2022 Business Predictions: Dr Edward Ziff, Chairman and Chief Executive of Town Centre Securities PLC

It’s that time of year, when Business Link Magazine invites the region’s business leaders to offer up their predictions for the year ahead.  It has become something of a tradition, given that we’ve been doing this now for over 30 years. Here we speak to Dr Edward Ziff, Chairman and Chief Executive of Town Centre Securities PLC, the property developer and car parking operator. One of my predictions last year was that we hoped that the general public would return to the high street to support local and national businesses and for us to see a return to normality as soon as possible. Whilst we are still a far cry away from ‘normal’, it is encouraging to see the high street opening with many of our hospitality tenants flourishing as customers crave an experience finally outside of their own homes.
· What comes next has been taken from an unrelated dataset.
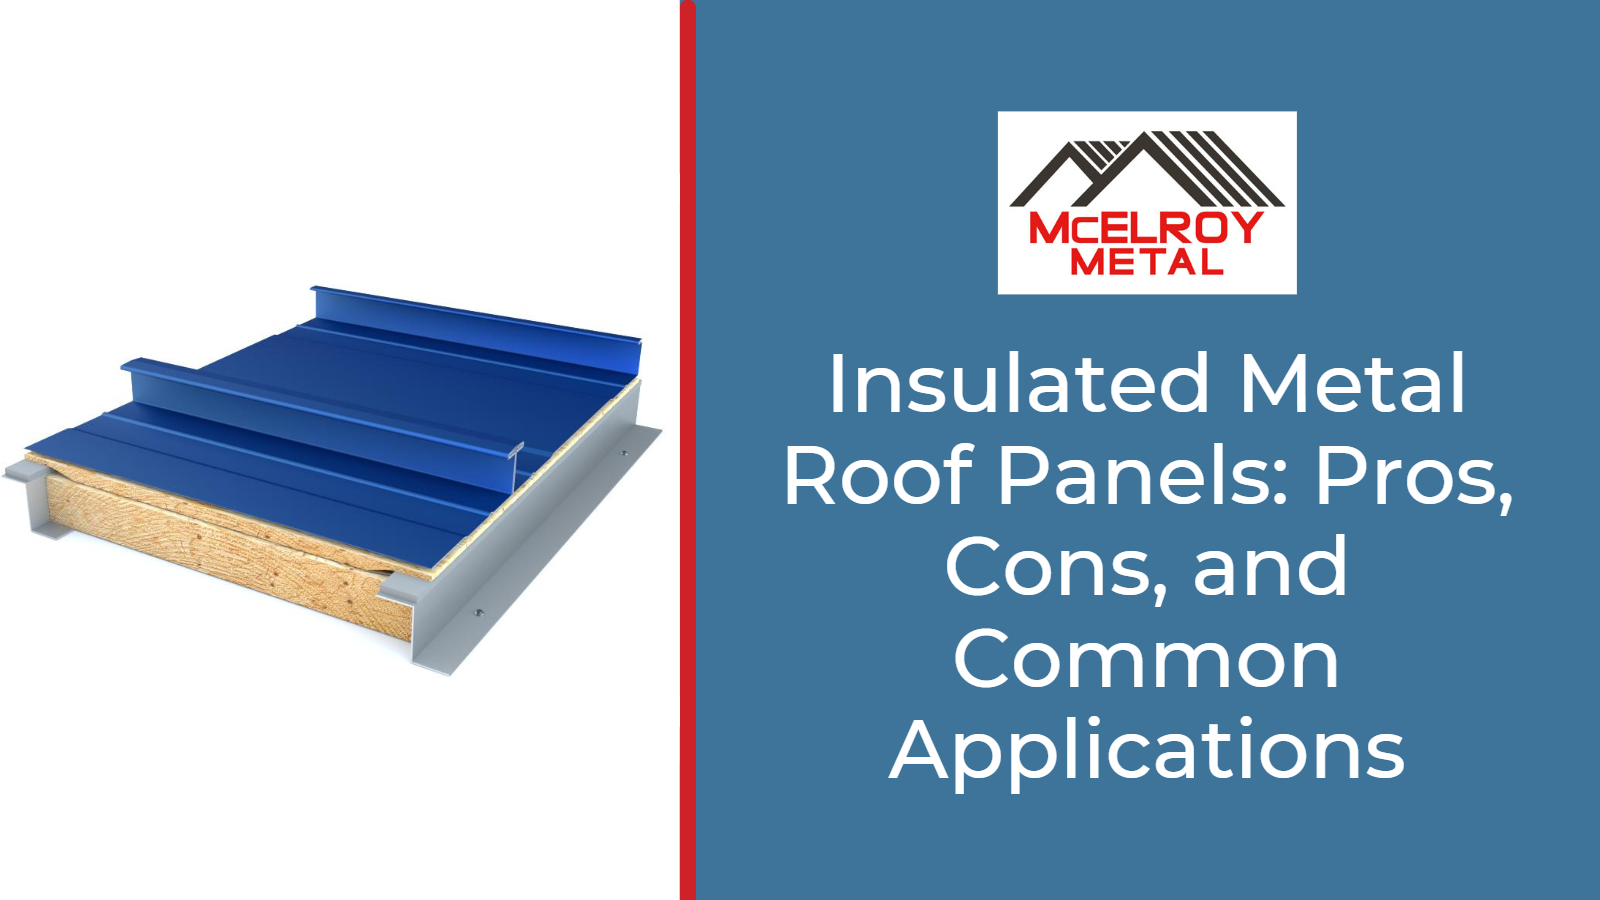 Insulated Metal Roof Panels: Pros, Cons, and Common Applications

With this in mind, the government, local authorities, local employers and large organisations all have a responsibility to encourage their staff to safely return to the office to fill our public transport, our shops, restaurants and coffee shops and encourage the collaboration and innovation that fuels our growth and builds our future. Town Centre Securities remain committed to our strategy and will continue to actively manage our assets, sell certain retail assets to maximise our available capital, invest in our development pipeline and acquire assets to improve our portfolio. COVID-19 of course remains the big risk as any further lockdowns would create further damage, and the need for the Government to communicate its plans clearly in advance is crucial. I am confident that our focus on the two growing and exciting cities of Leeds and Manchester, where we are helping to create a sense of place and purpose for living and working, will enable us to generate value for all our stakeholders as the world returns to normality. As we take further steps towards returning to normal life, I wish everyone the very best for 2022.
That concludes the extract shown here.